Dataset entries
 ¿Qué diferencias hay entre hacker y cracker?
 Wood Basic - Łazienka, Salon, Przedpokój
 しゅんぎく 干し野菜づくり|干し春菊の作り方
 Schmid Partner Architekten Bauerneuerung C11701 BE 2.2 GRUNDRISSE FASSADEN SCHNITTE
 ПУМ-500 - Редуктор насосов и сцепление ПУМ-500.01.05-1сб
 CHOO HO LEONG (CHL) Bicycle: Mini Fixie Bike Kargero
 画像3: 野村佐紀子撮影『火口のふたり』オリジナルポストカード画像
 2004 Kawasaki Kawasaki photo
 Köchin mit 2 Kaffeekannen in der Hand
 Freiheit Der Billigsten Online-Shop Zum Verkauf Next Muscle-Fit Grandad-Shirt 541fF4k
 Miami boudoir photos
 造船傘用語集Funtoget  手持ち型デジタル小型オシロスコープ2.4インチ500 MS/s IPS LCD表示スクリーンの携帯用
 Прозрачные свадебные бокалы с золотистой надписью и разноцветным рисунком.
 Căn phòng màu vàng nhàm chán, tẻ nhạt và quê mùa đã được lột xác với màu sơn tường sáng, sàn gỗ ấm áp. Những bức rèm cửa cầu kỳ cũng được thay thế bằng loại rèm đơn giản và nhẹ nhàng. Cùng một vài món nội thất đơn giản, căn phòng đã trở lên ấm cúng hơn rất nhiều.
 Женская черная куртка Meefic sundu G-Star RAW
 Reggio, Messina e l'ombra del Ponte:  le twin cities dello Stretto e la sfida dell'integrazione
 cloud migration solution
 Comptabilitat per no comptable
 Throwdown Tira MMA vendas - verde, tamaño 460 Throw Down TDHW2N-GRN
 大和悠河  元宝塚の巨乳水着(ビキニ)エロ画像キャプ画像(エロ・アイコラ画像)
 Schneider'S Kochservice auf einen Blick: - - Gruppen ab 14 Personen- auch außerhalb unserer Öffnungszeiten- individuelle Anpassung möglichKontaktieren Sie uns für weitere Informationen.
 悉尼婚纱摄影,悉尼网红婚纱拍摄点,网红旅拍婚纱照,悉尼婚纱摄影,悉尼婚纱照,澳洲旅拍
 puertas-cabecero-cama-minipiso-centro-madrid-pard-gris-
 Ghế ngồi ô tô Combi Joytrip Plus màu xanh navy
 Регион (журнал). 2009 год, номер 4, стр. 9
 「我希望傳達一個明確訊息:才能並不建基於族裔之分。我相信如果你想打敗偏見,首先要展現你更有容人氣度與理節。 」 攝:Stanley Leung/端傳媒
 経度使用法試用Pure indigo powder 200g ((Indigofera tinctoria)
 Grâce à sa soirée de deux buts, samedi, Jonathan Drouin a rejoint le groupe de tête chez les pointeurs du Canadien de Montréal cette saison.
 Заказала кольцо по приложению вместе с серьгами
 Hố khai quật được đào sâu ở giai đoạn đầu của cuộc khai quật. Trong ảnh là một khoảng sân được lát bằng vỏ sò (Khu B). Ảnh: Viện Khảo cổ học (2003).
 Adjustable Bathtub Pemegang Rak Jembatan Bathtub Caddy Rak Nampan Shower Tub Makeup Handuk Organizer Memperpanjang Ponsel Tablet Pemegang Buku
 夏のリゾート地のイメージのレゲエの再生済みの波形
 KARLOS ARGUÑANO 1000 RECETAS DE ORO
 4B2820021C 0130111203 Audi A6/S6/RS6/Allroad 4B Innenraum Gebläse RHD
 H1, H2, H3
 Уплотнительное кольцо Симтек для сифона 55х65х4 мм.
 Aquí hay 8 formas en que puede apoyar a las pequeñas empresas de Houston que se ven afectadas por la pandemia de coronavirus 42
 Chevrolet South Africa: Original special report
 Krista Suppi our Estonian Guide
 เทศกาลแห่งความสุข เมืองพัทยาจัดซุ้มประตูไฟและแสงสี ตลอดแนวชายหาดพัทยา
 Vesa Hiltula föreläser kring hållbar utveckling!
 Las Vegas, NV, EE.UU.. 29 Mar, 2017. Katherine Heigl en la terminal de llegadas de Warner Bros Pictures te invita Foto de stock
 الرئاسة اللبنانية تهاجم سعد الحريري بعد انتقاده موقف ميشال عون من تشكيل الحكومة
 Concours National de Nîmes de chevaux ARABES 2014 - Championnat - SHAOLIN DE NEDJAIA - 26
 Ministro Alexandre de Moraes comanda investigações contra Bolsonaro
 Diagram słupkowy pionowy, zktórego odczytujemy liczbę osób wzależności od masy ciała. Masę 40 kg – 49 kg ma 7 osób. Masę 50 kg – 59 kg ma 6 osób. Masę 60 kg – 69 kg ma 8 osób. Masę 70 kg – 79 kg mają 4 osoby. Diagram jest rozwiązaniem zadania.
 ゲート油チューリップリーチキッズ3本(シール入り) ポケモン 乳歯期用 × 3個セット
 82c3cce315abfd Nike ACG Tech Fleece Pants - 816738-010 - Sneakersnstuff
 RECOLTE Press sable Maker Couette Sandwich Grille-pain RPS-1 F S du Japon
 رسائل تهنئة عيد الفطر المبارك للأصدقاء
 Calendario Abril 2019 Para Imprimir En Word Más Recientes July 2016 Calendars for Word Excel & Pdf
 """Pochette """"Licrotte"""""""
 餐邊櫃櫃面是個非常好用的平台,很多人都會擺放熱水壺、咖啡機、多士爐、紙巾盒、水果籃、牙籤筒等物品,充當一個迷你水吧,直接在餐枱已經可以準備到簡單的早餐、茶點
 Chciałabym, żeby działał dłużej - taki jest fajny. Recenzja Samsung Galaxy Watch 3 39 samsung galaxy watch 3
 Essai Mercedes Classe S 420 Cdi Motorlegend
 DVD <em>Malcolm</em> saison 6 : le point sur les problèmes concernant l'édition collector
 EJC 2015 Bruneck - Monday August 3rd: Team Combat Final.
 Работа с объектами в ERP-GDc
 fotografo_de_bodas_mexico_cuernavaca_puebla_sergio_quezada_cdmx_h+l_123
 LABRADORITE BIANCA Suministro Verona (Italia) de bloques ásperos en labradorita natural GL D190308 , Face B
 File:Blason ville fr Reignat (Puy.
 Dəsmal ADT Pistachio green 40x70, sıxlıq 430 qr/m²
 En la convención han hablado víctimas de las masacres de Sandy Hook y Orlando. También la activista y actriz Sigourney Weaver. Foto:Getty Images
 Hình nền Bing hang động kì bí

**Aim of the task**: Reproduce the lines of the records exactly, from the first one through the line that contains "Заказала кольцо по".

**Response below**:
 ¿Qué diferencias hay entre hacker y cracker?
 Wood Basic - Łazienka, Salon, Przedpokój
 しゅんぎく 干し野菜づくり|干し春菊の作り方
 Schmid Partner Architekten Bauerneuerung C11701 BE 2.2 GRUNDRISSE FASSADEN SCHNITTE
 ПУМ-500 - Редуктор насосов и сцепление ПУМ-500.01.05-1сб
 CHOO HO LEONG (CHL) Bicycle: Mini Fixie Bike Kargero
 画像3: 野村佐紀子撮影『火口のふたり』オリジナルポストカード画像
 2004 Kawasaki Kawasaki photo
 Köchin mit 2 Kaffeekannen in der Hand
 Freiheit Der Billigsten Online-Shop Zum Verkauf Next Muscle-Fit Grandad-Shirt 541fF4k
 Miami boudoir photos
 造船傘用語集Funtoget  手持ち型デジタル小型オシロスコープ2.4インチ500 MS/s IPS LCD表示スクリーンの携帯用
 Прозрачные свадебные бокалы с золотистой надписью и разноцветным рисунком.
 Căn phòng màu vàng nhàm chán, tẻ nhạt và quê mùa đã được lột xác với màu sơn tường sáng, sàn gỗ ấm áp. Những bức rèm cửa cầu kỳ cũng được thay thế bằng loại rèm đơn giản và nhẹ nhàng. Cùng một vài món nội thất đơn giản, căn phòng đã trở lên ấm cúng hơn rất nhiều.
 Женская черная куртка Meefic sundu G-Star RAW
 Reggio, Messina e l'ombra del Ponte:  le twin cities dello Stretto e la sfida dell'integrazione
 cloud migration solution
 Comptabilitat per no comptable
 Throwdown Tira MMA vendas - verde, tamaño 460 Throw Down TDHW2N-GRN
 大和悠河  元宝塚の巨乳水着(ビキニ)エロ画像キャプ画像(エロ・アイコラ画像)
 Schneider'S Kochservice auf einen Blick: - - Gruppen ab 14 Personen- auch außerhalb unserer Öffnungszeiten- individuelle Anpassung möglichKontaktieren Sie uns für weitere Informationen.
 悉尼婚纱摄影,悉尼网红婚纱拍摄点,网红旅拍婚纱照,悉尼婚纱摄影,悉尼婚纱照,澳洲旅拍
 puertas-cabecero-cama-minipiso-centro-madrid-pard-gris-
 Ghế ngồi ô tô Combi Joytrip Plus màu xanh navy
 Регион (журнал). 2009 год, номер 4, стр. 9
 「我希望傳達一個明確訊息:才能並不建基於族裔之分。我相信如果你想打敗偏見,首先要展現你更有容人氣度與理節。 」 攝:Stanley Leung/端傳媒
 経度使用法試用Pure indigo powder 200g ((Indigofera tinctoria)
 Grâce à sa soirée de deux buts, samedi, Jonathan Drouin a rejoint le groupe de tête chez les pointeurs du Canadien de Montréal cette saison.
 Заказала кольцо по приложению вместе с серьгами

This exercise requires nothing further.